Il y a corruption passive lorsque l’auteur de l’infraction sollicite ou accepte une offre portant sur un avantage de toute nature ou l’avantage lui-même, pour commettre (ou s'abstenir de commettre = Riquier) un acte sans que les organes de l’association ne soient au courant. La tentative de corruption est donc réprimée pénalement, peu importe à cet égard que la personne sollicitée ait accepté. De même, peu importe, pour la personne qui accepte une offre, que l’acte ait été effectivement posé. Il y a corruption active lorsque l’auteur de l’infraction propose, à une personne occupant un certain poste, une offre portant sur un avantage de toute nature ou l’avantage lui-même, pour commettre (ou s'abstenir de commettre) un acte sans que les organes de l’association ne soient au courant. Ici aussi, peu importe, pour condamner le corrupteur actif, que sa proposition ait été suivie d’effet. Les éléments constitutifs de l’infraction de corruption sont les suivants:

a) Il faut qu’il y ait un acte de sollicitation, de proposition ou d’acceptation. Lorsque la sollicitation sera suivie d’une proposition ou qu’une proposition sera suivie d’une acceptation, il y a circonstance aggravante. L’avantage sollicité, proposé ou accepté peut être destiné à la personne directement ou à un tiers de bonne foi ou non. Il ne doit pas y avoir nécessairement profit personnel. L’offre ou le don d’un avantage doit avoir été déterminant dans la prise de décision du bénéficiaire.

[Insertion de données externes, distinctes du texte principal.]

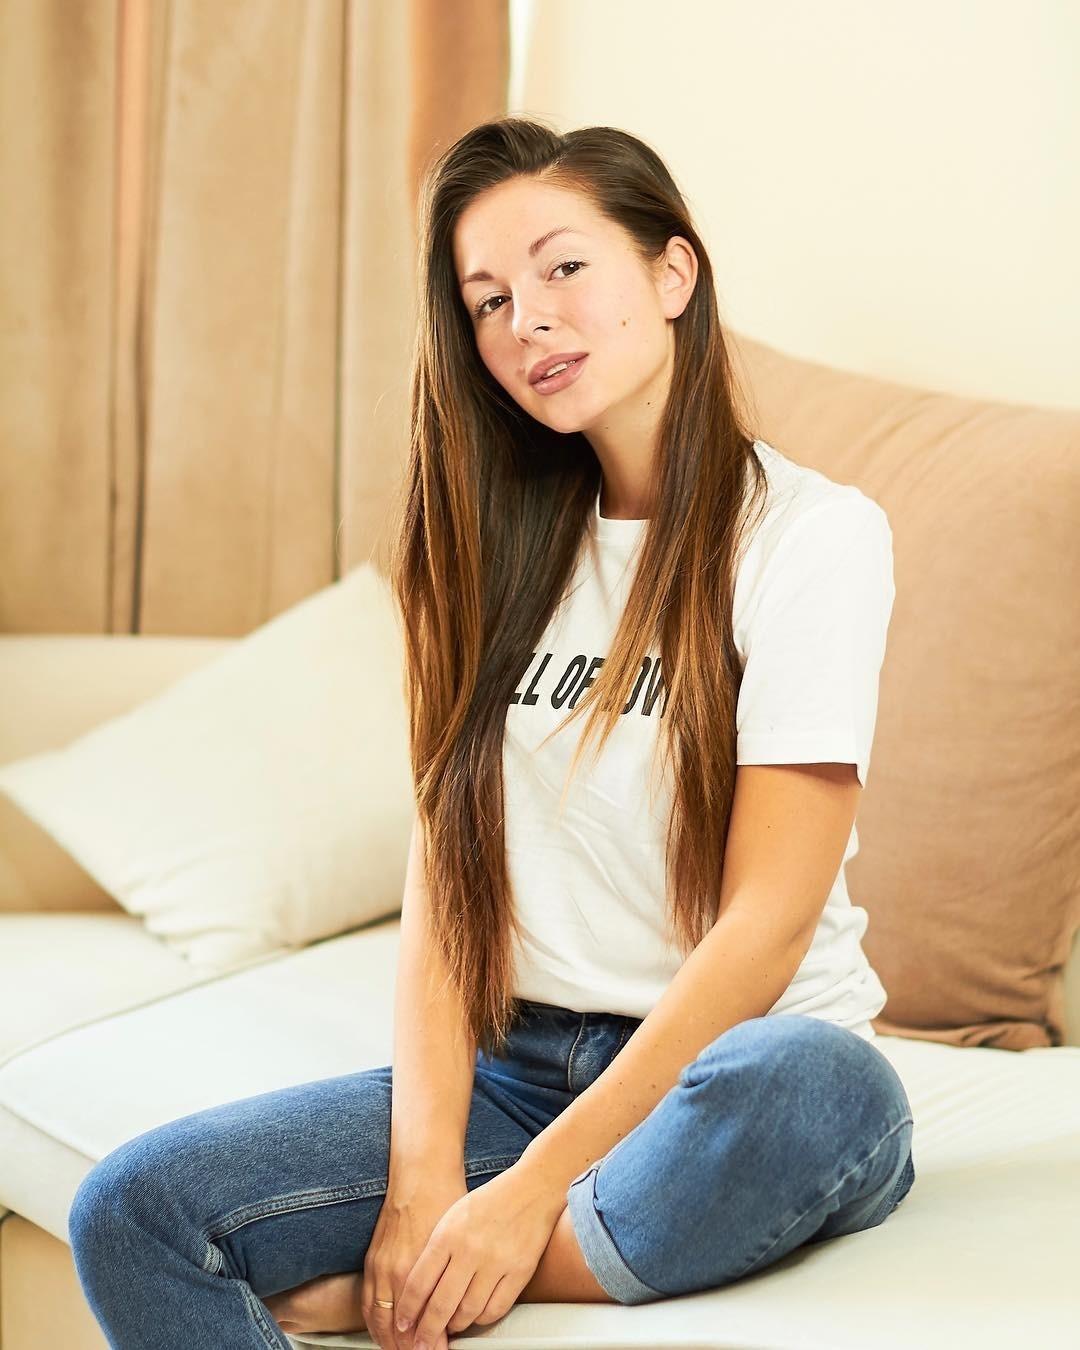 Нюша рассказала об упражнениях, которые помогают ей восстановиться после родов
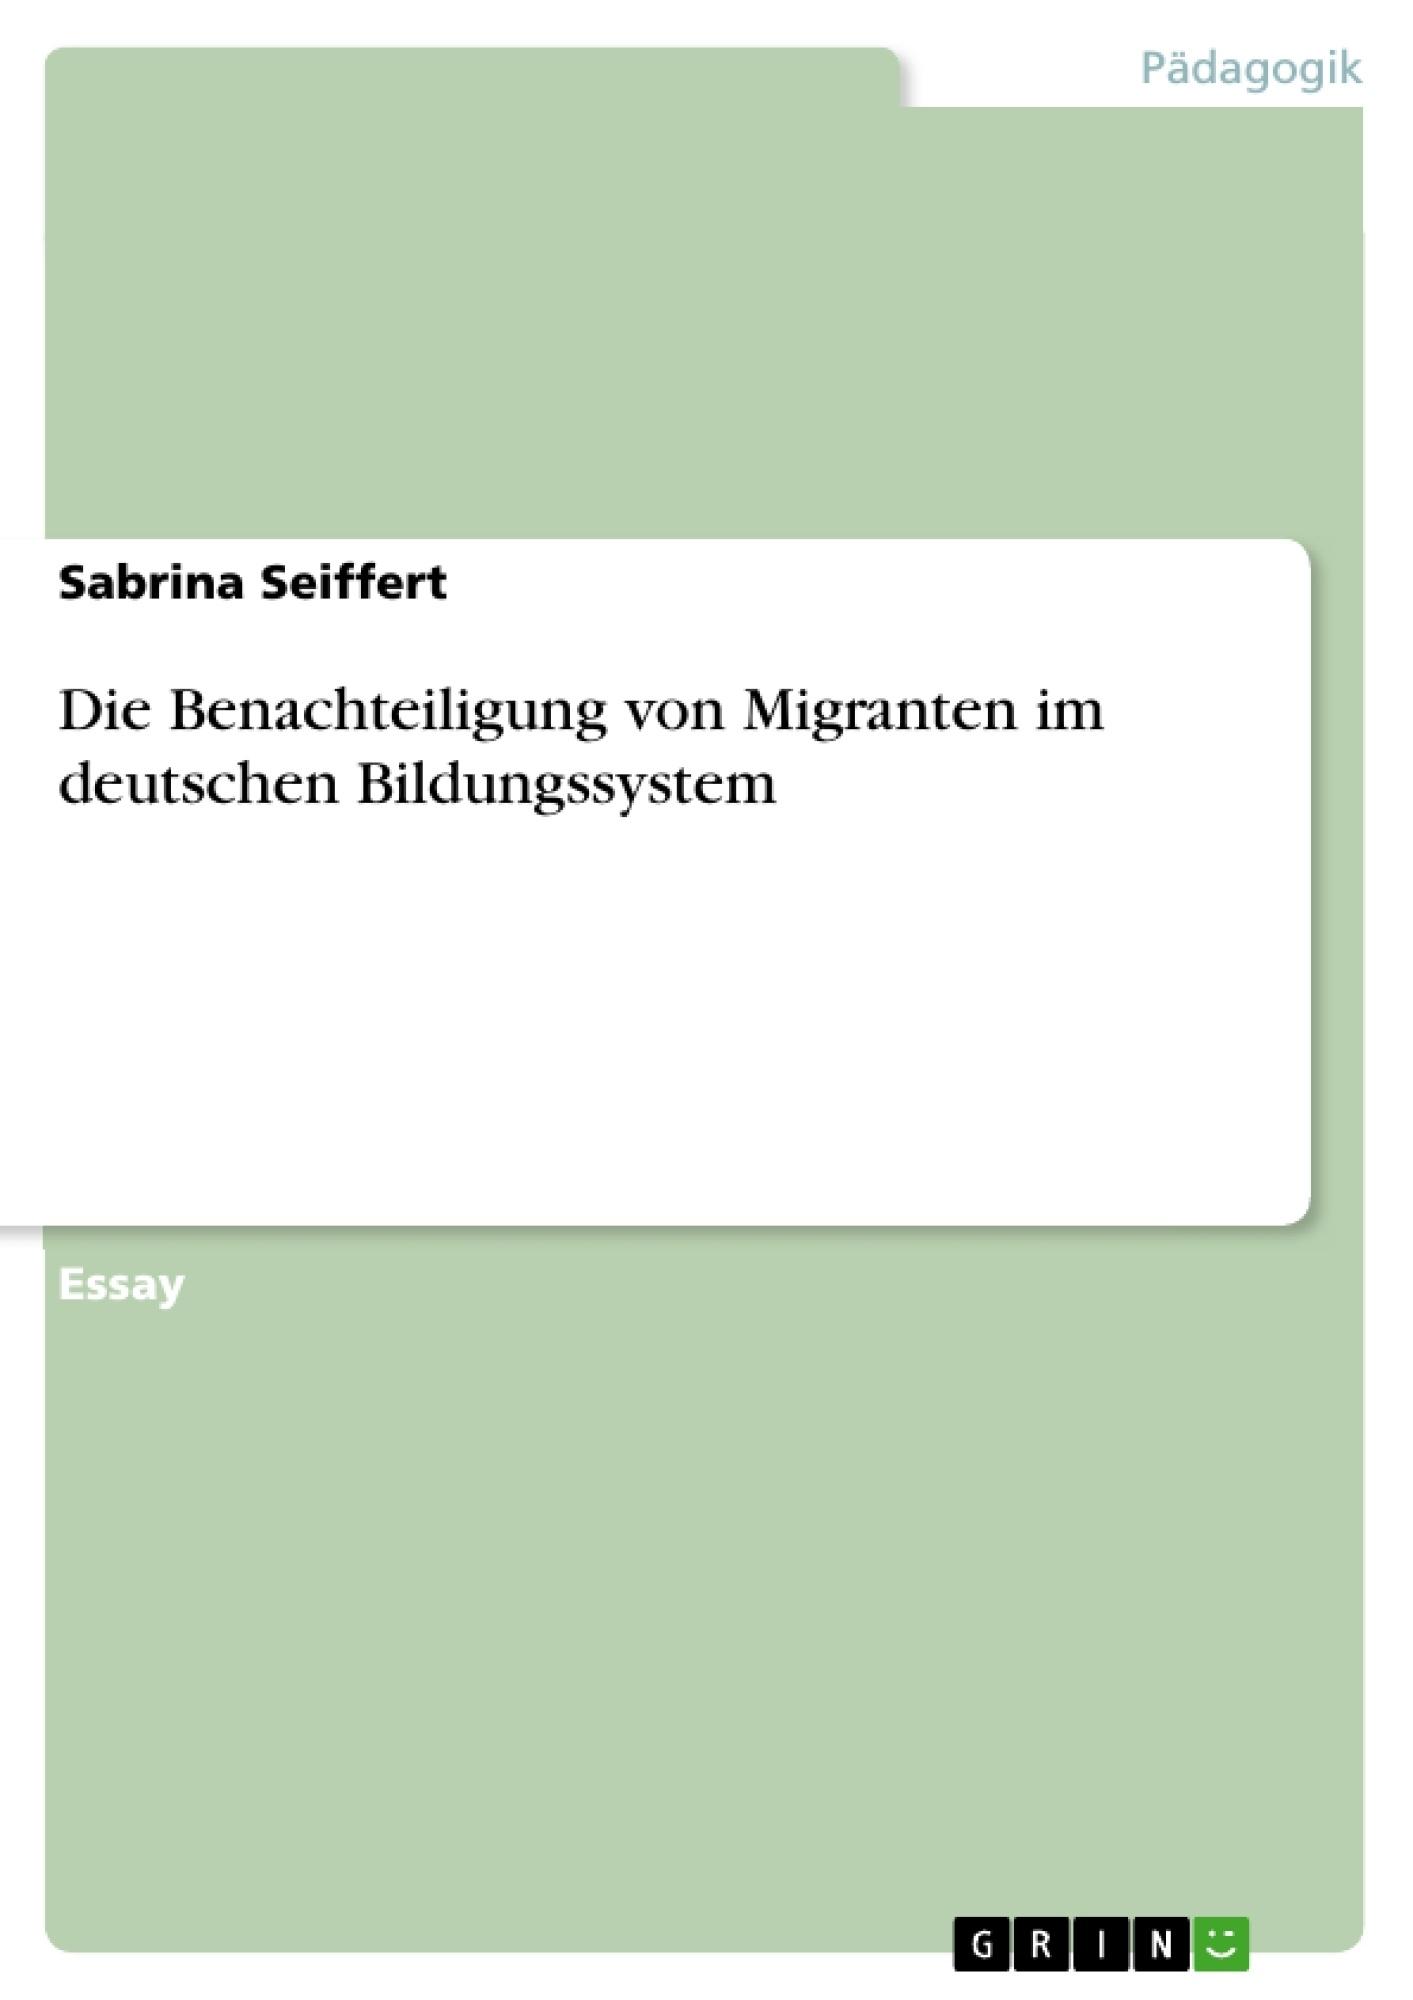 Titel: Die Benachteiligung von Migranten im deutschen Bildungssystem

b) L’acte de corruption est défini comme une offre, une promesse ou un avantage de toute nature. Cette définition est très large et elle laisse un grand pouvoir d’interprétation au juge pour déterminer ce qu’est une offre ou une promesse qui entraîne la qualification de corruption. Ces termes impliquent qu’il y a eu un engagement mais pas encore de réalisation concrète. L’offre ou la promesse porte sur un avantage de toute nature: une somme d’argent, une prestation de service, la remise d’un bien soit à la personne corrompue soit à un tiers, ou encore un avantage non patrimonial tel que la réception d’un titre honorifique…, peu importe la valeur de l’avantage.

c) La personne corrompue doit être un administrateur, un gérant de personne morale ou un mandataire ou préposé d’une personne morale ou physique. Le dirigeant de fait n’est pas concerné par ces dispositions pénales34.

d) L’objectif de l’acte de corruption consiste à obtenir (ou empêcher), de la part de la personne corrompue, un acte de fonction ou un acte facilité par sa fonction.

5 Tel est le cas de l’administrateur qui perçoit une somme d’argent pour continuer à conclure des contrats au nom de l’ASBL avec tel ou tel fournisseur (acte posé dans le cadre de sa fonction au sein de l’entreprise) ou du préposé qui transmet des informations confidentielles dont il aurait eu connaissance de manière indirecte (non pas un acte de fonction mais un acte facilité par sa fonction).

Quid des personnes qui n’auraient pas de fonction déterminée au sein de l’association ? Il semblerait impossible de les poursuivre pour chef de corruption35. Cette hypothèse vise, par exemple, les volontaires.

e) L’acte accompli par la personne corrompue doit l’être à l’insu et sans autorisation du conseil d’administration ou de l’assemblée générale, du mandant ou de l’employeur. Cette condition signifie que certains actes ne pourront pas être considérés comme constitutifs de corruption à partir du moment où ils sont connus et autorisés par le ou les organes de l’association.

Toutefois, cette connaissance ou autorisation doit intervenir avant (ou au plus tard en même temps) que l’acte de corruption passive ou active n’ait eu lieu.

Les sanctions prévues sont l’emprisonnement de six mois à deux ans et une amende de 100 à 10.000 euros.